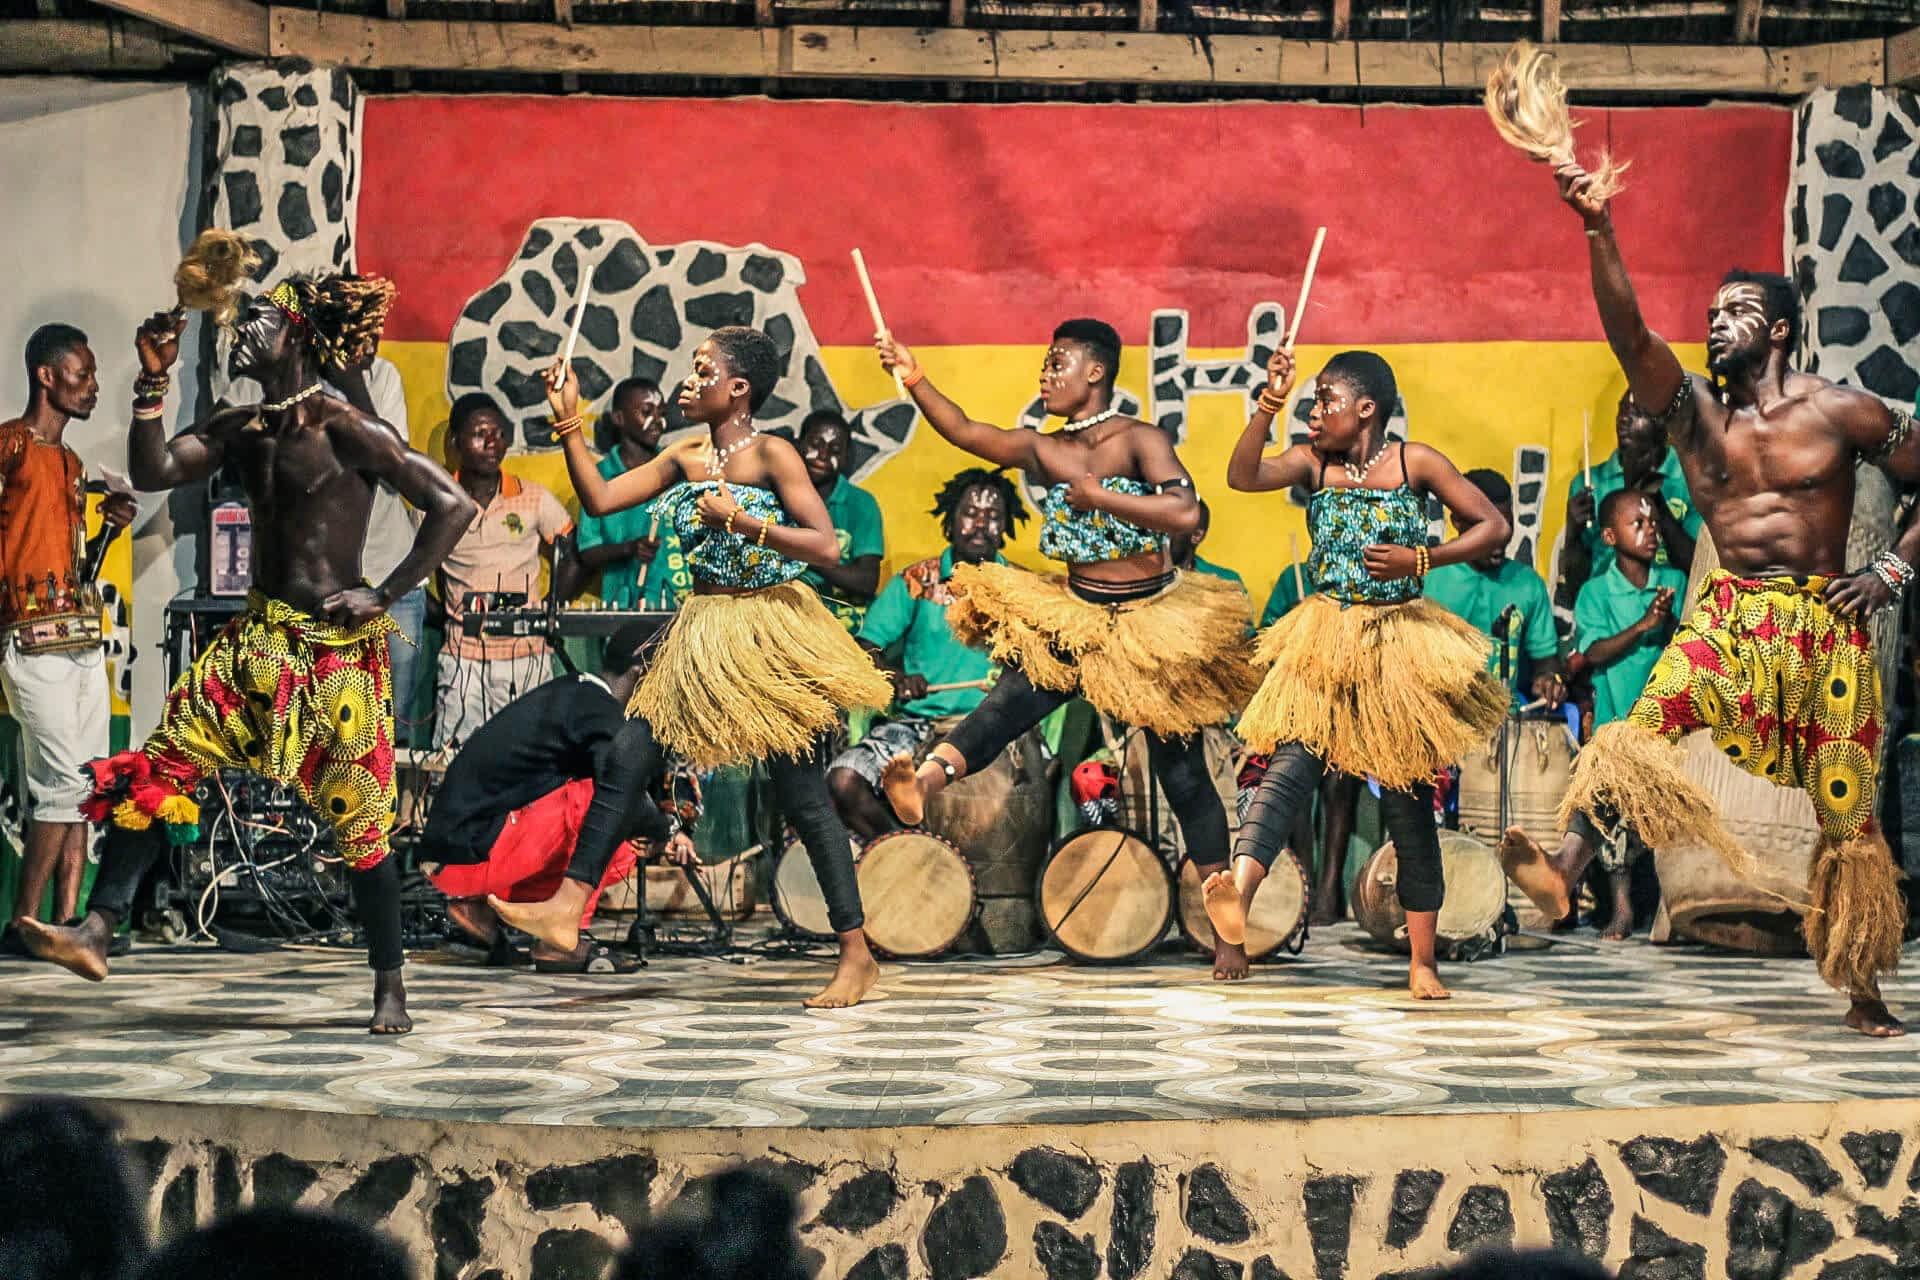 Cultural display in Ghana
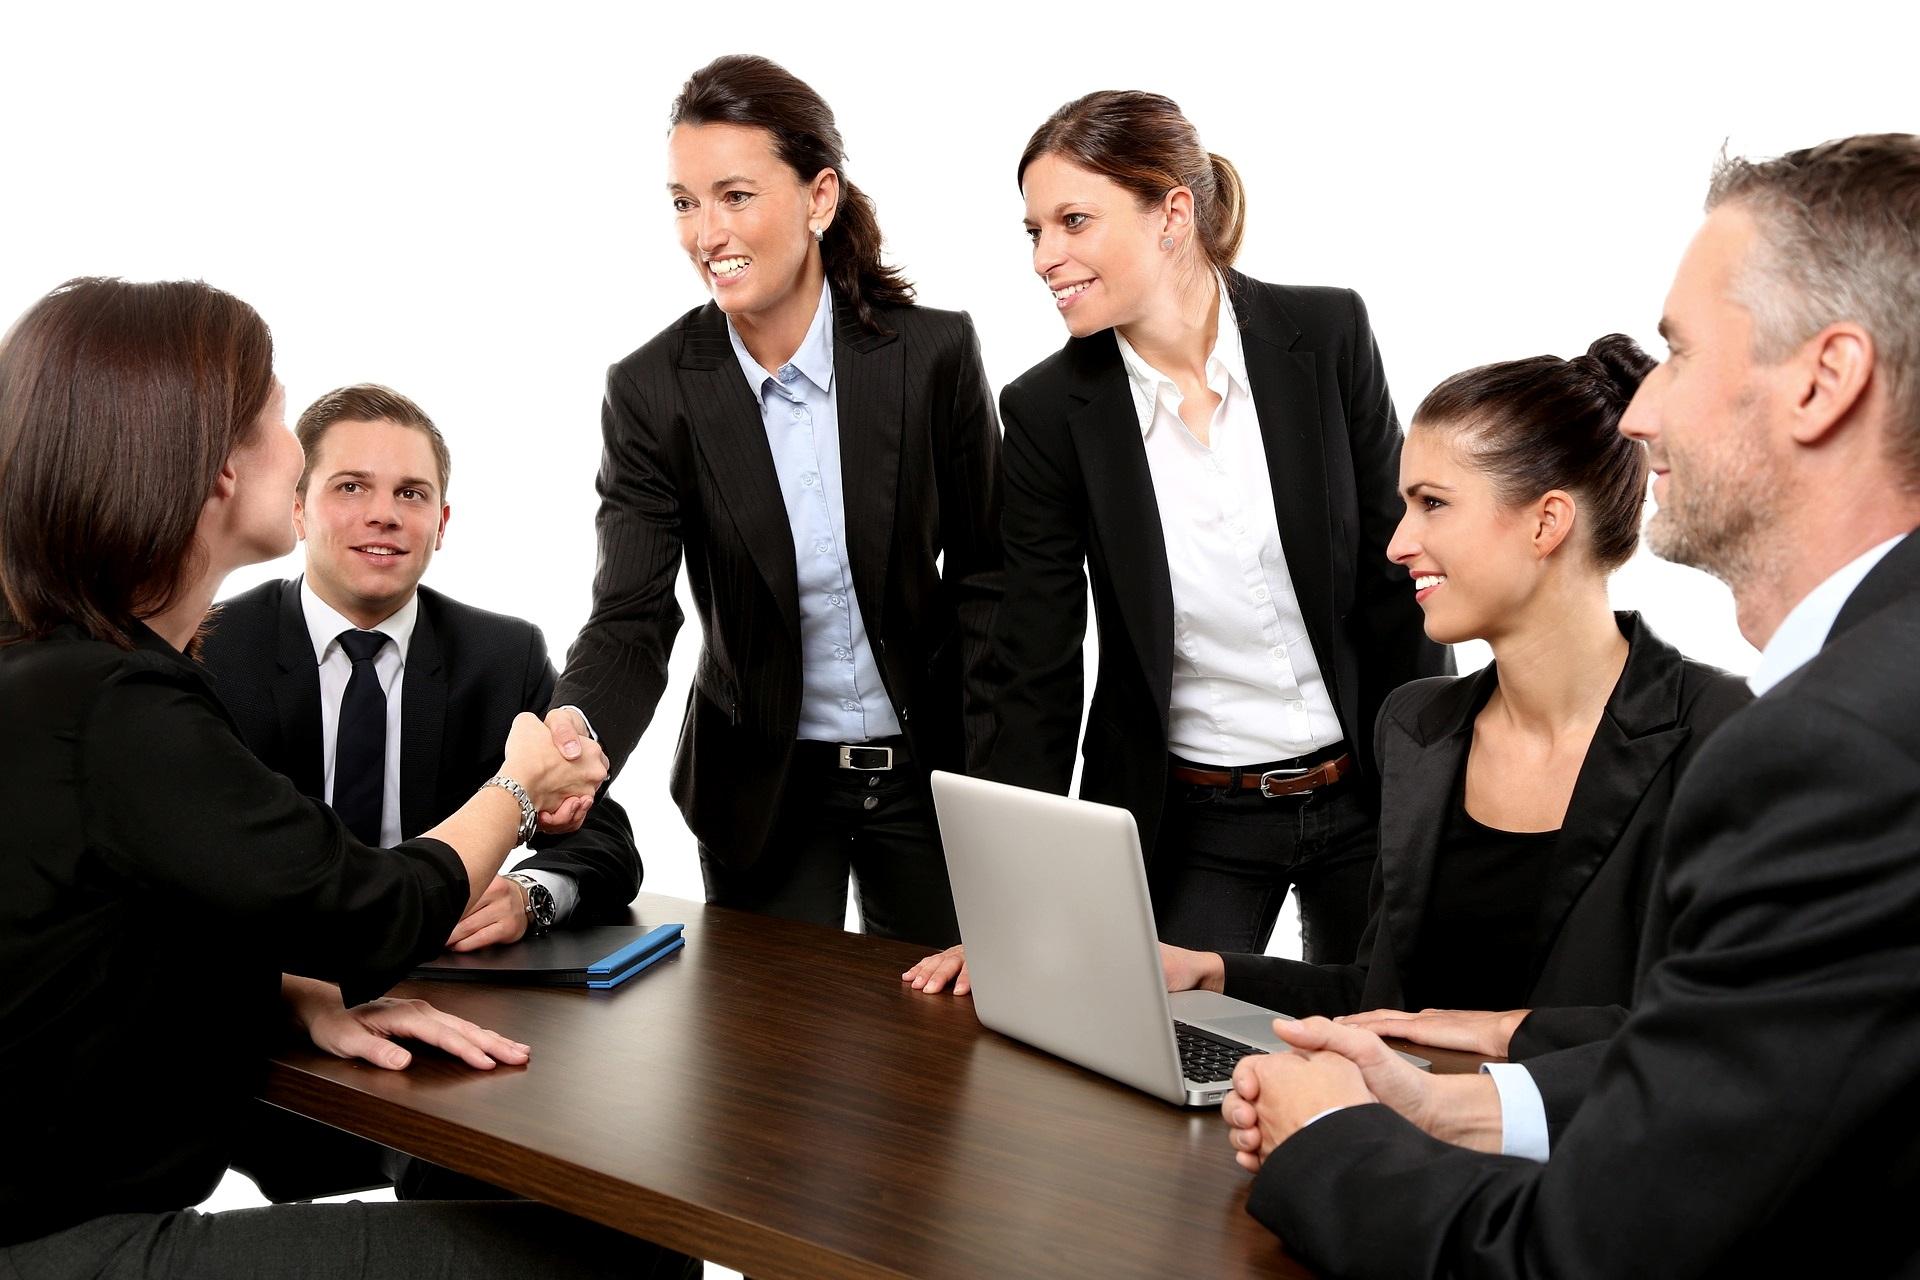 Top Verkäufer Spitzenverkauf Spitzenverkäufer Menschen Vertrieb Verkäufer Verkaufserfolg Verkaufsseminar Ulrike Knauer Verkaufstraining nutzenorientiert Emotion München Innsbruck
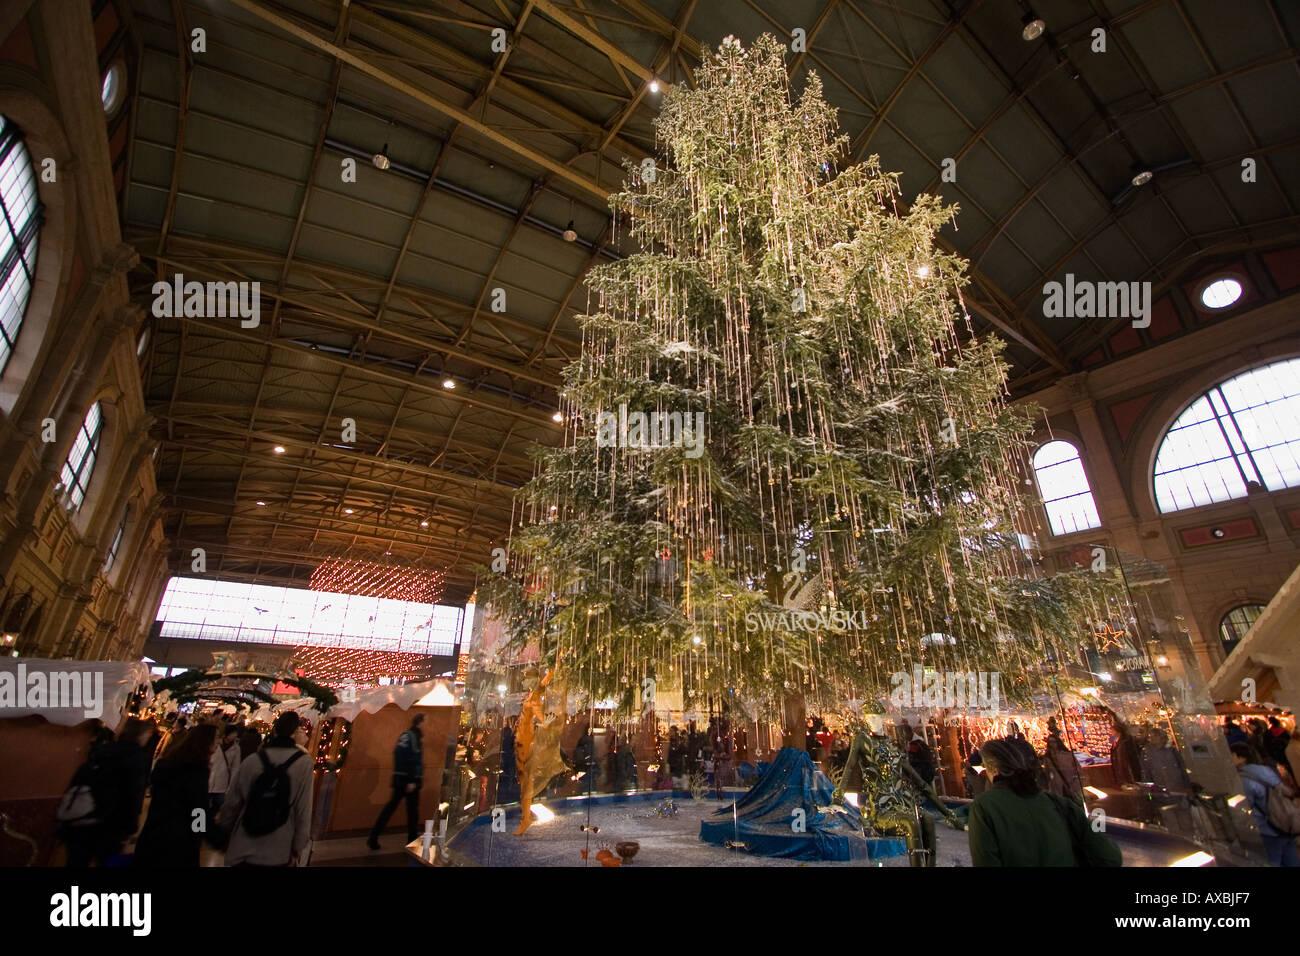 In svizzera la stazione principale di zurigo illuminazione natalizia

# WORK TO COMPLETE
Transcribe the listing verbatim, pictures excluded.

# RESPONSE TO THE EXERCISE
 Cultural display in Ghana
 Top Verkäufer Spitzenverkauf Spitzenverkäufer Menschen Vertrieb Verkäufer Verkaufserfolg Verkaufsseminar Ulrike Knauer Verkaufstraining nutzenorientiert Emotion München Innsbruck
 In svizzera la stazione principale di zurigo illuminazione natalizia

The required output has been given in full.